Meeting to review rising school cost
November 8, 1993
The Committee to Study Affordability in Higher Education will meet today to take up its charge to examine issues of cost at Illinois’ public universities.
The committee was established earlier this year by the Illinois Board of Higher Education as part of its Priorities Quality and Productivity initiative.
As part of its charge, the committee will review the recent rising cost of tuition and student fees at the state’s 12 public universities as well as other trends in higher education including student retention and time until graduation. The committee is expected to give recommendations to the IBHE on these issues next September.

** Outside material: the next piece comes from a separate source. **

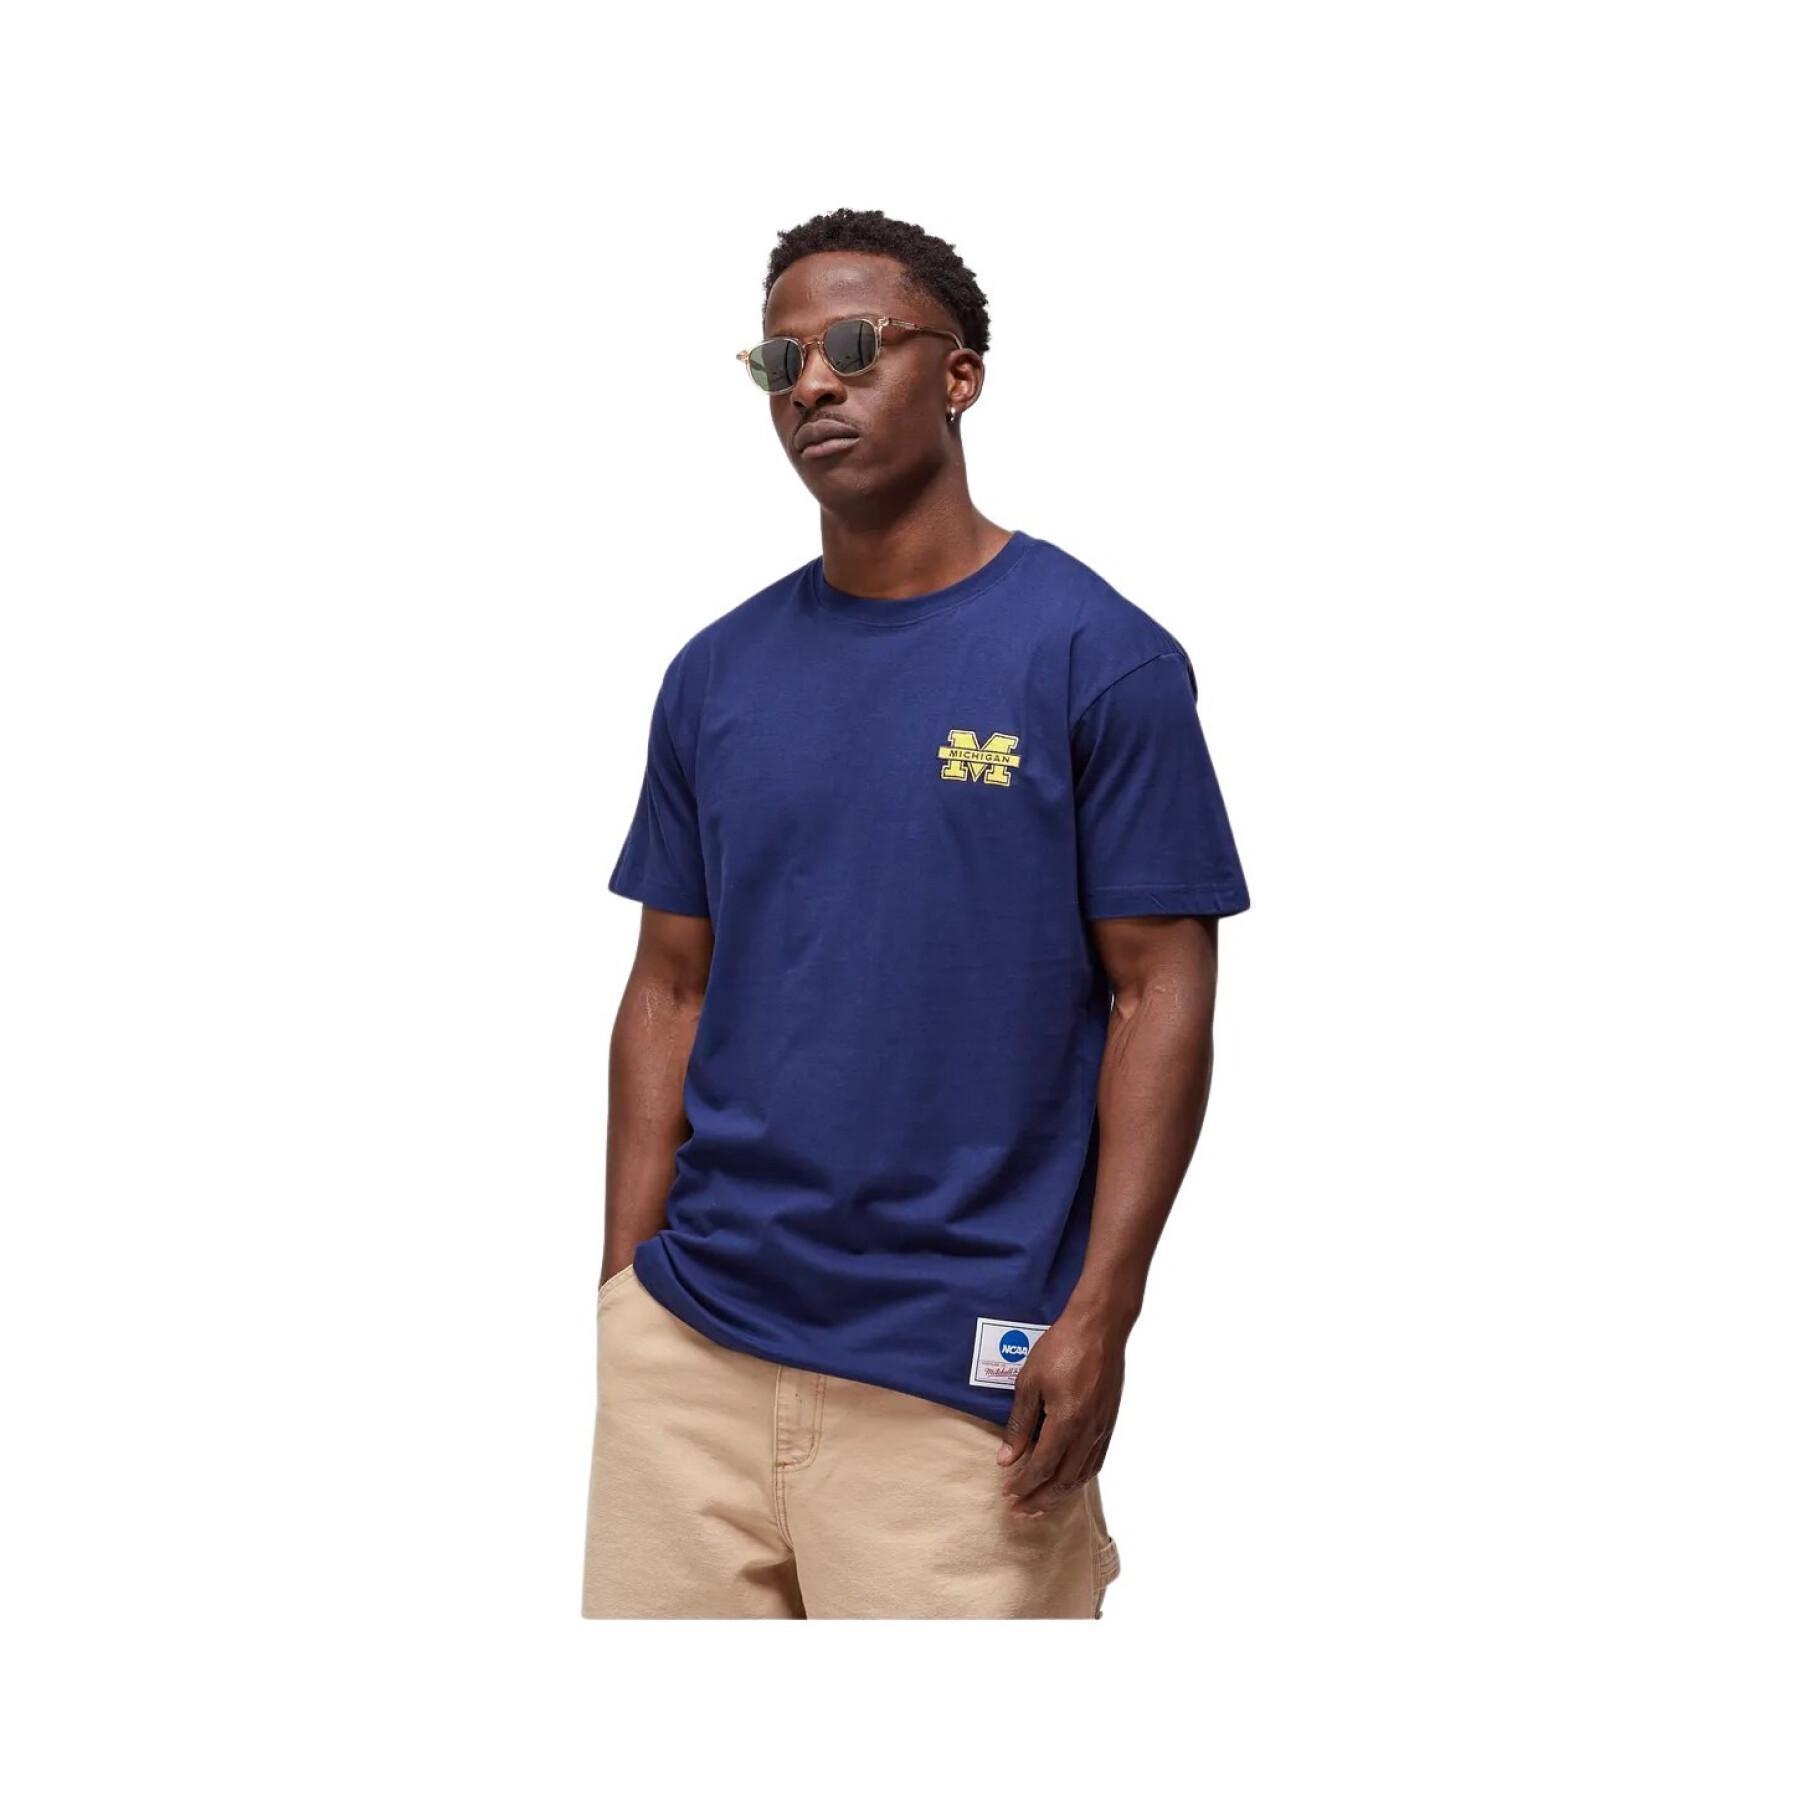 Camiseta Universidad de Michigan logo bordado

Today will be the committee’s first meeting. Rey Brune, committee chair and IBHE board member, said although the IBHE has been specific about what it wants the committee to look at, he is uncertain what form of recommendation the committee will come up with.

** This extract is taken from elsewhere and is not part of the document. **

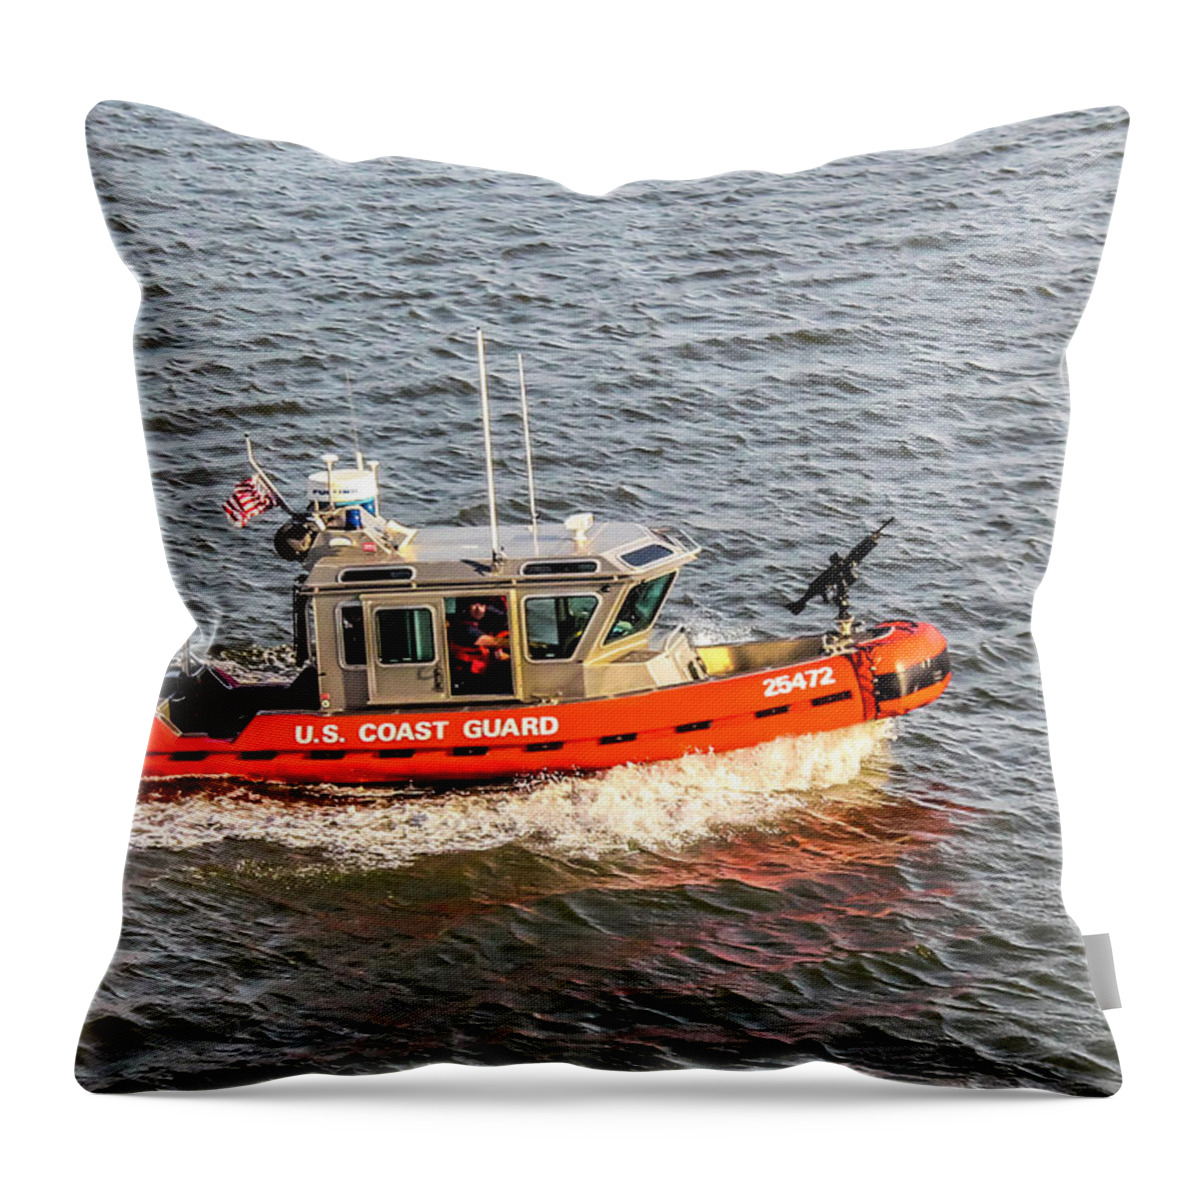 U.s. Coast Guard Throw Pillow featuring the photograph U.S. Coast Guard Defender Boat 25472 by Pheasant Run Gallery

He said one of his biggest concerns is the rising cost of higher education on students.
“I think the burden of cost is being increased on students too heavily,” he said. “I think we have to keep in mind this burden to students. A tuition increase is a lot more severe to the student than beneficial to the university.”
The IBHE has cited the cost to students as one of its reasons for establishing the committee. It also has listed the financial strain on the Illinois Student Assistance Commission caused by tuition increases and potential university reallocation savings as other reasons for the committee.
The committee is one more in a variety of actions being taken by the IBHE to enforce its PQP initiative. PQP is the IBHE’s attempt to streamline the state’s higher education system through program cuts and dollar reallocations. Through PQP it recommended 190 programs for elimination last year.
The committee will meet in at 1 p.m. today in Chicago in what Brune said would be an “organizational meeting.”